## Supplied data
━━━━━━

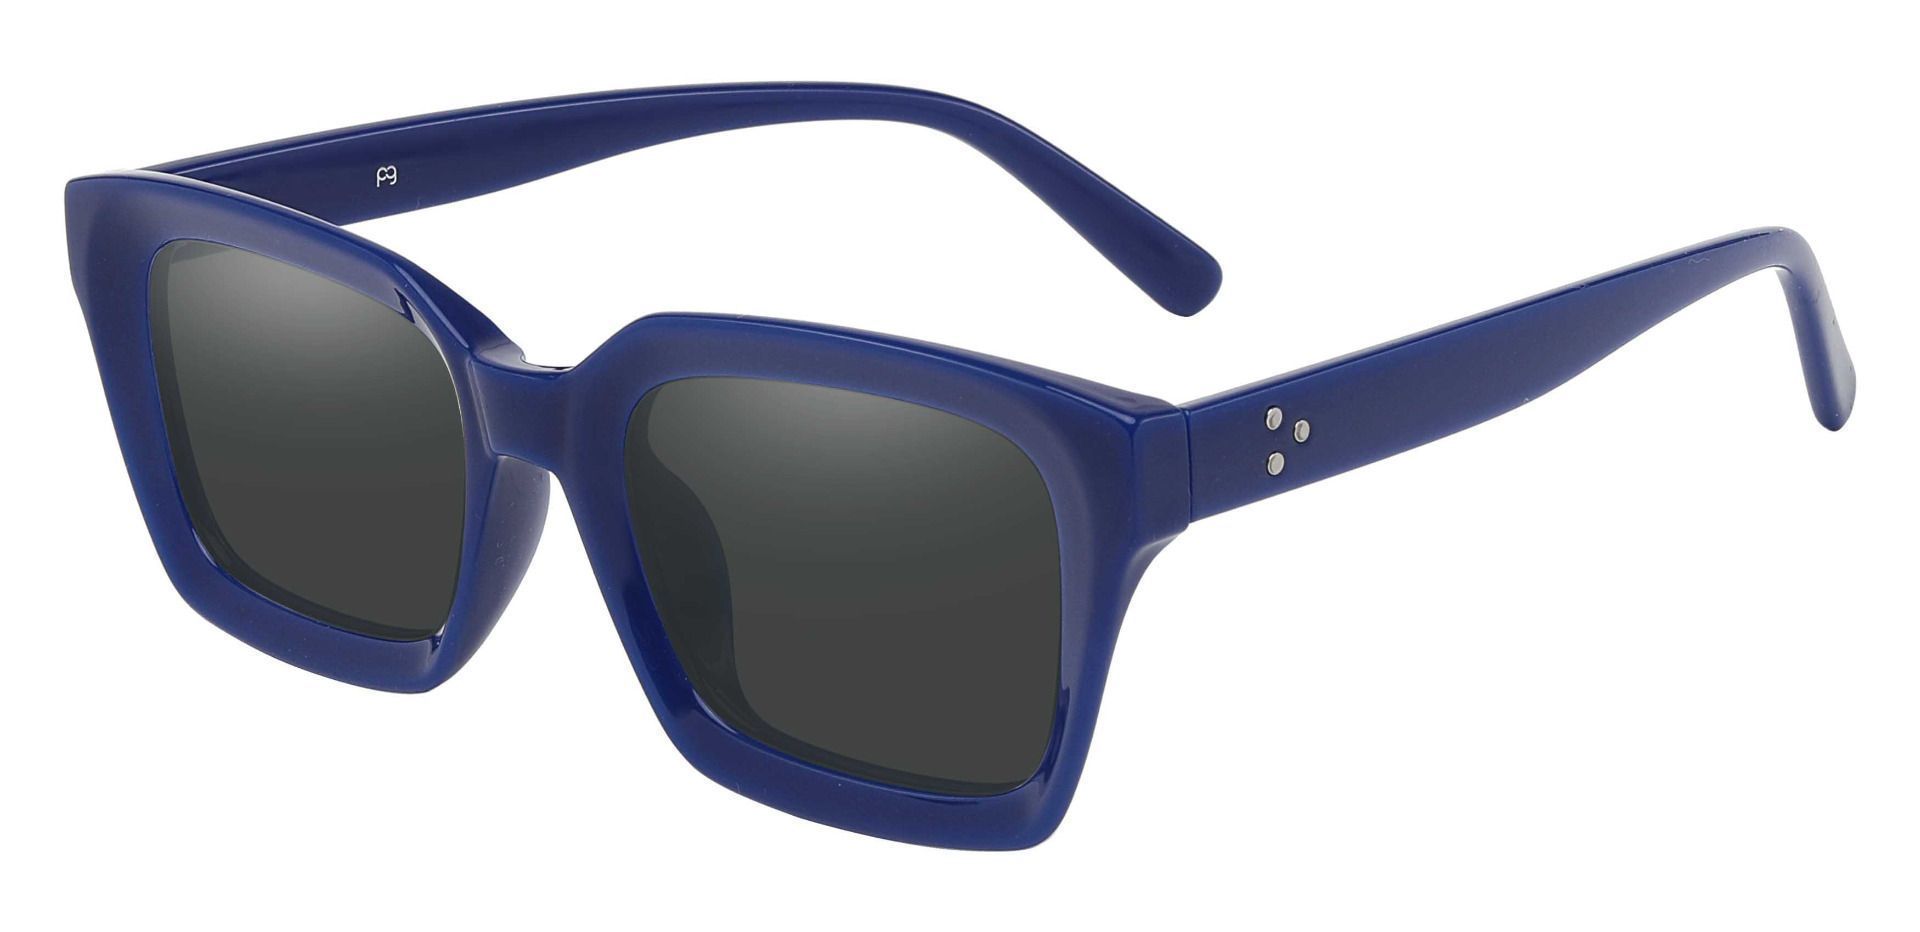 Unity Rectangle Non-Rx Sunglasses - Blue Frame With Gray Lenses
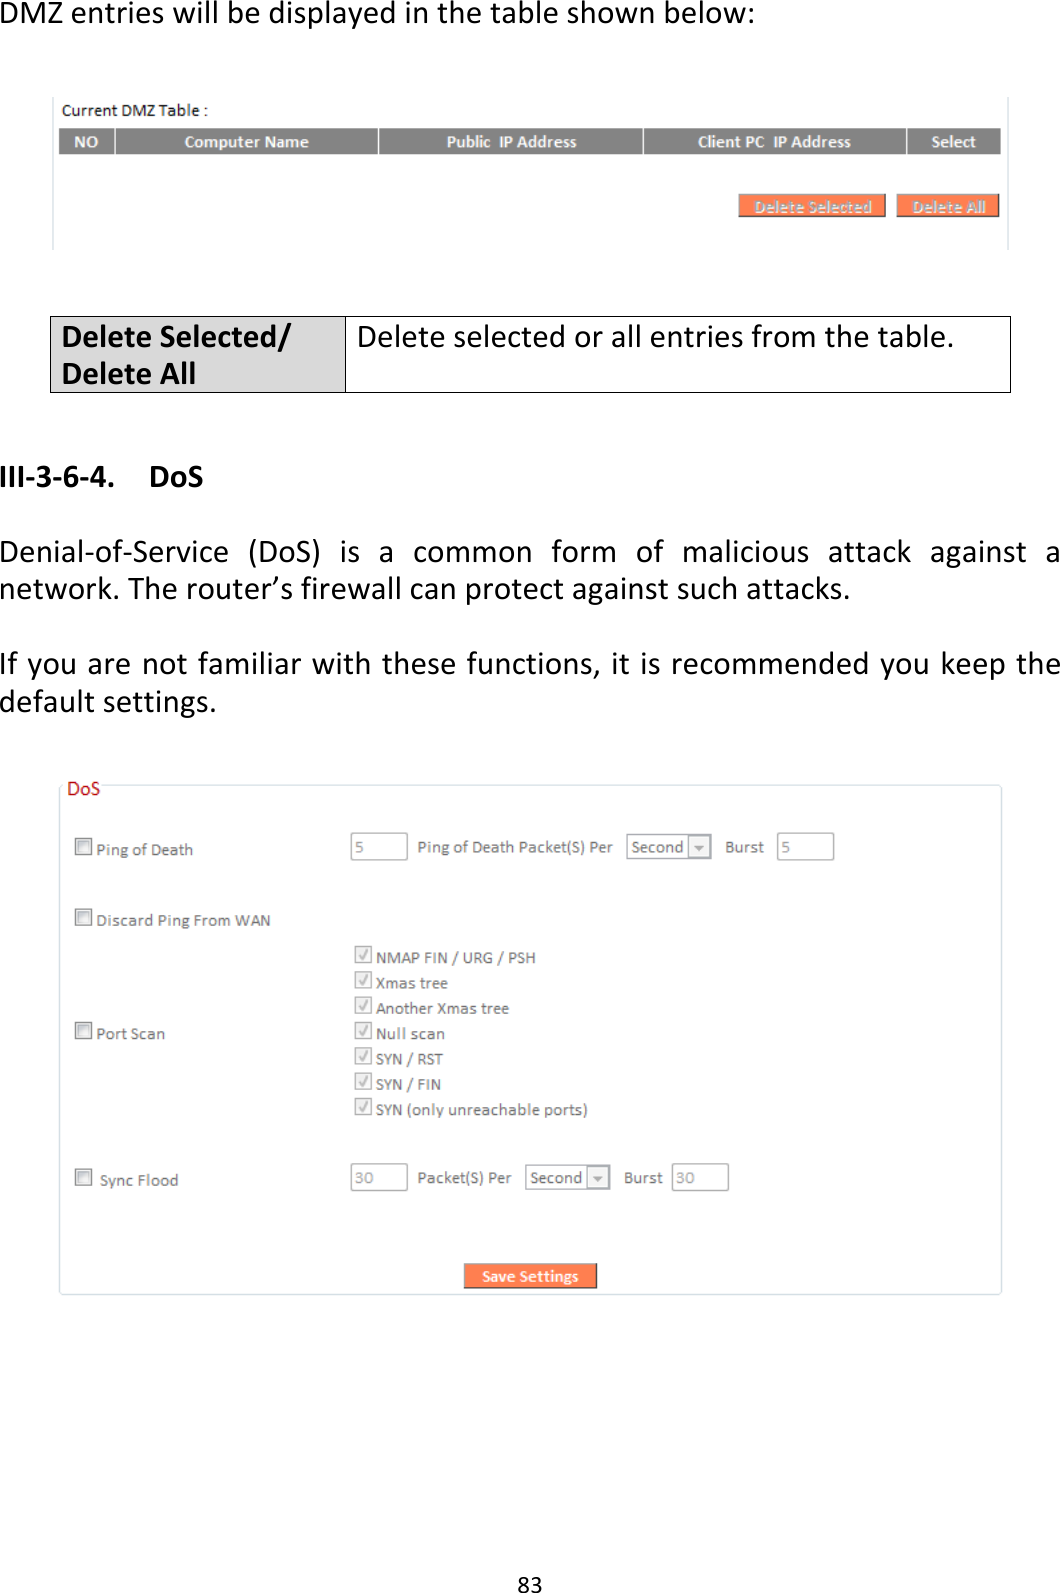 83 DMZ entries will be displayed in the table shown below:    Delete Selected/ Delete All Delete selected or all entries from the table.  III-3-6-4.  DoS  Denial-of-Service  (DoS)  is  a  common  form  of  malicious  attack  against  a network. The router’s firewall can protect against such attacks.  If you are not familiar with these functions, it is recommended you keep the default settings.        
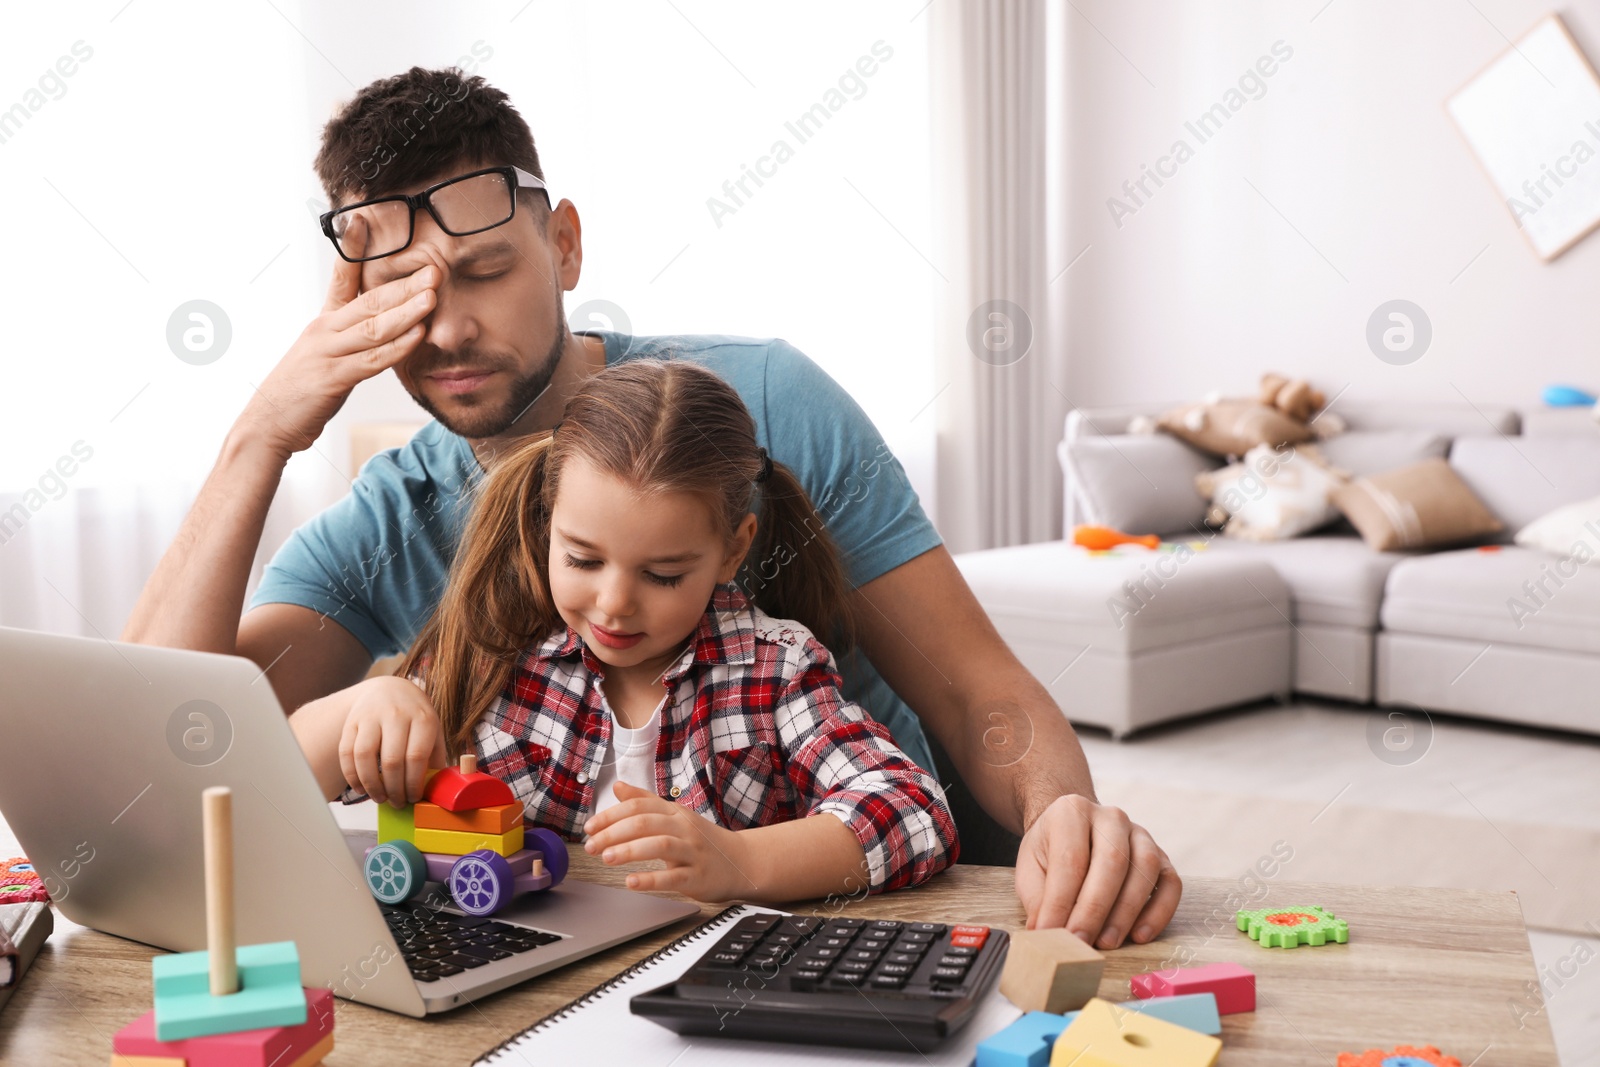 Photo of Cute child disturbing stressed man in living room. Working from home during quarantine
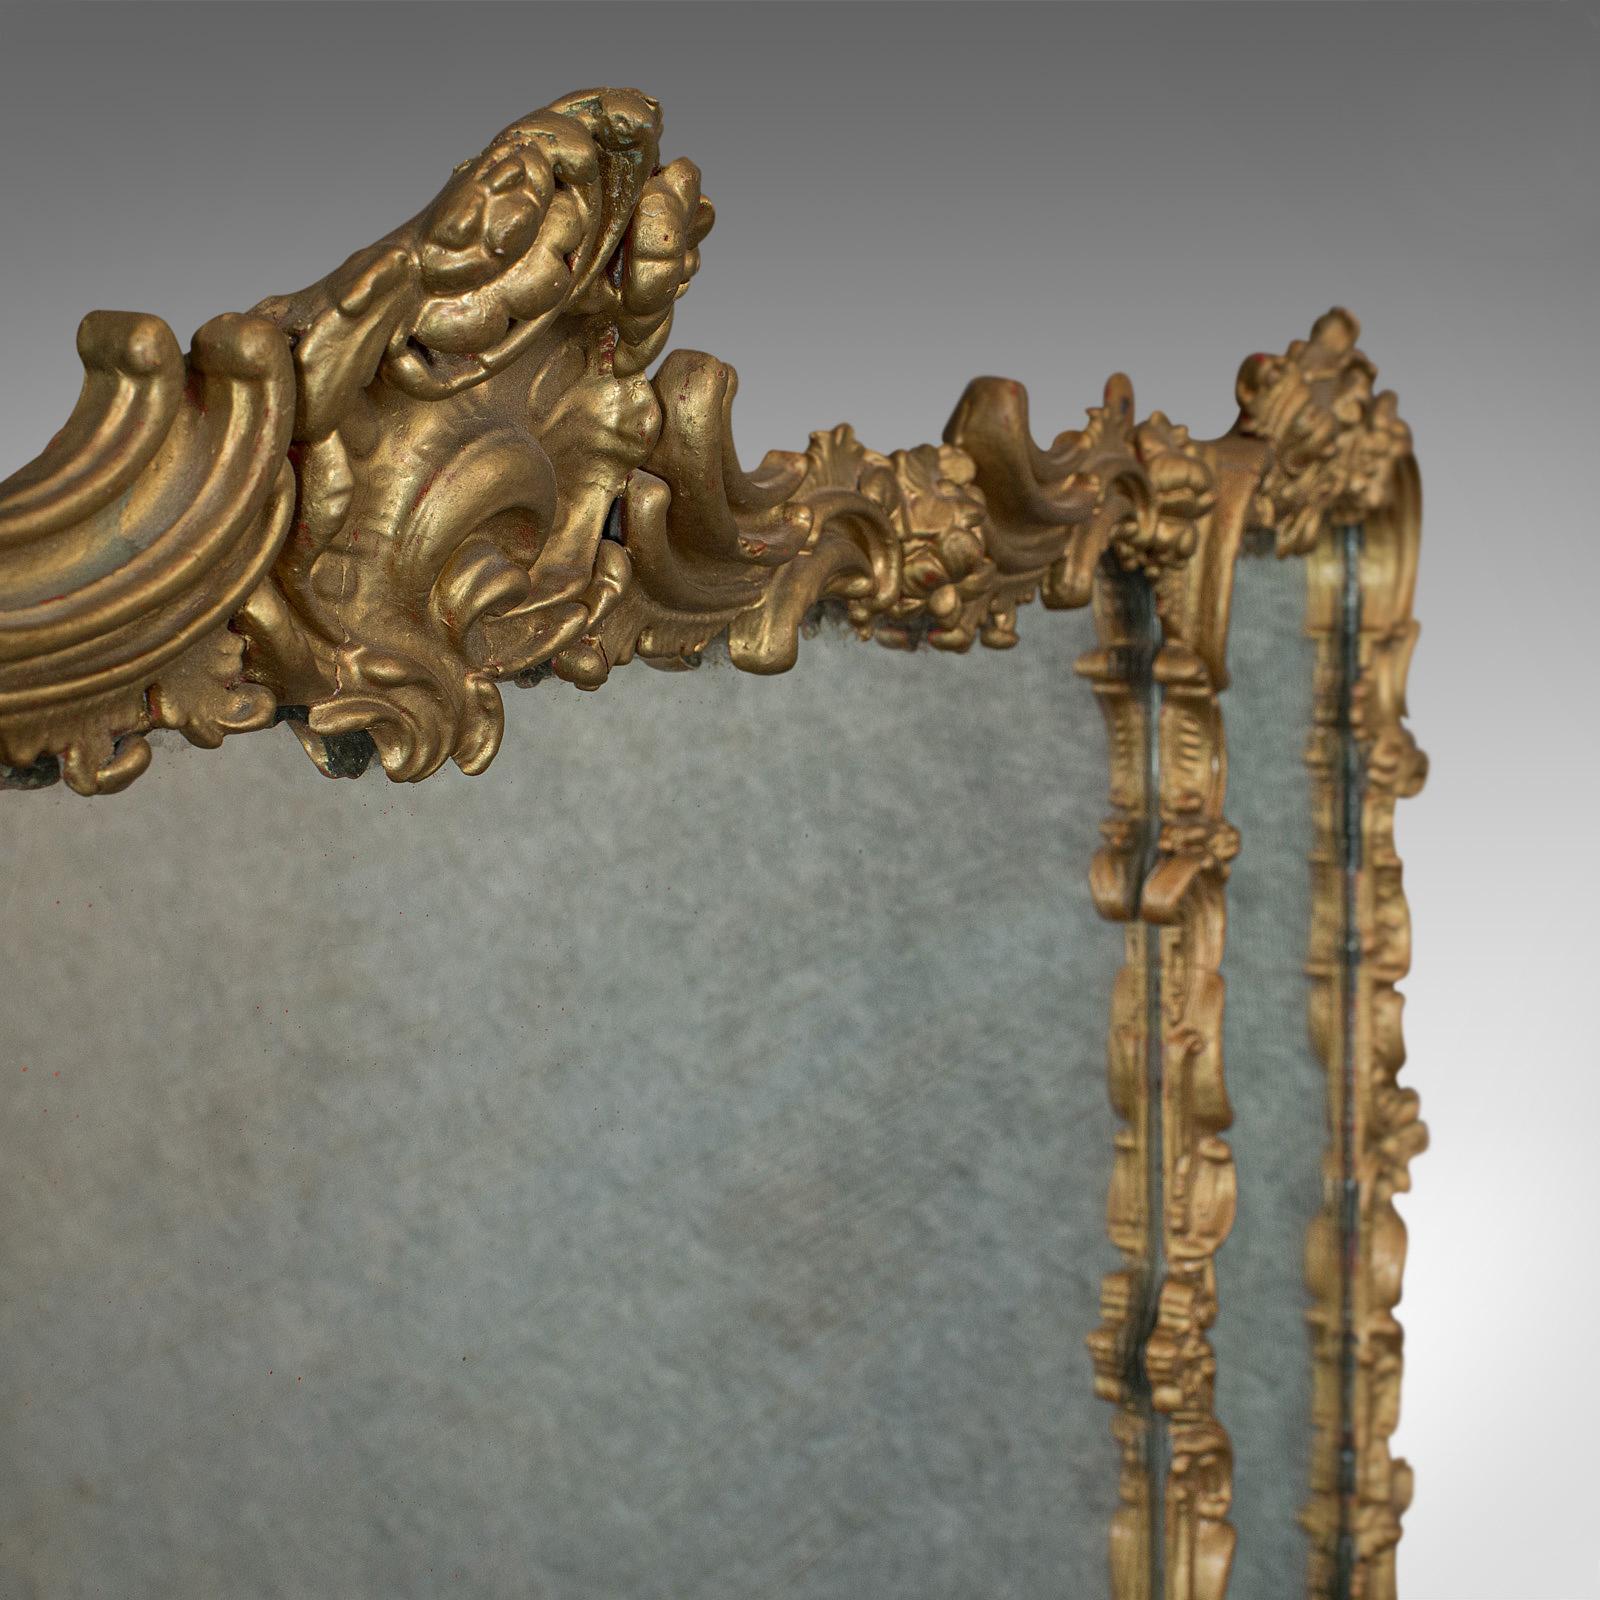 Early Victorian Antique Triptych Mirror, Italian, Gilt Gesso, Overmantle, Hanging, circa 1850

━━━━━━

Excluding pictures, copy exactly the lines from the line containing "Photo of Cute" through the last line of the data, inclusive.

## Task solution
 Photo of Cute child disturbing stressed man in living room. Working from home during quarantine
 Early Victorian Antique Triptych Mirror, Italian, Gilt Gesso, Overmantle, Hanging, circa 1850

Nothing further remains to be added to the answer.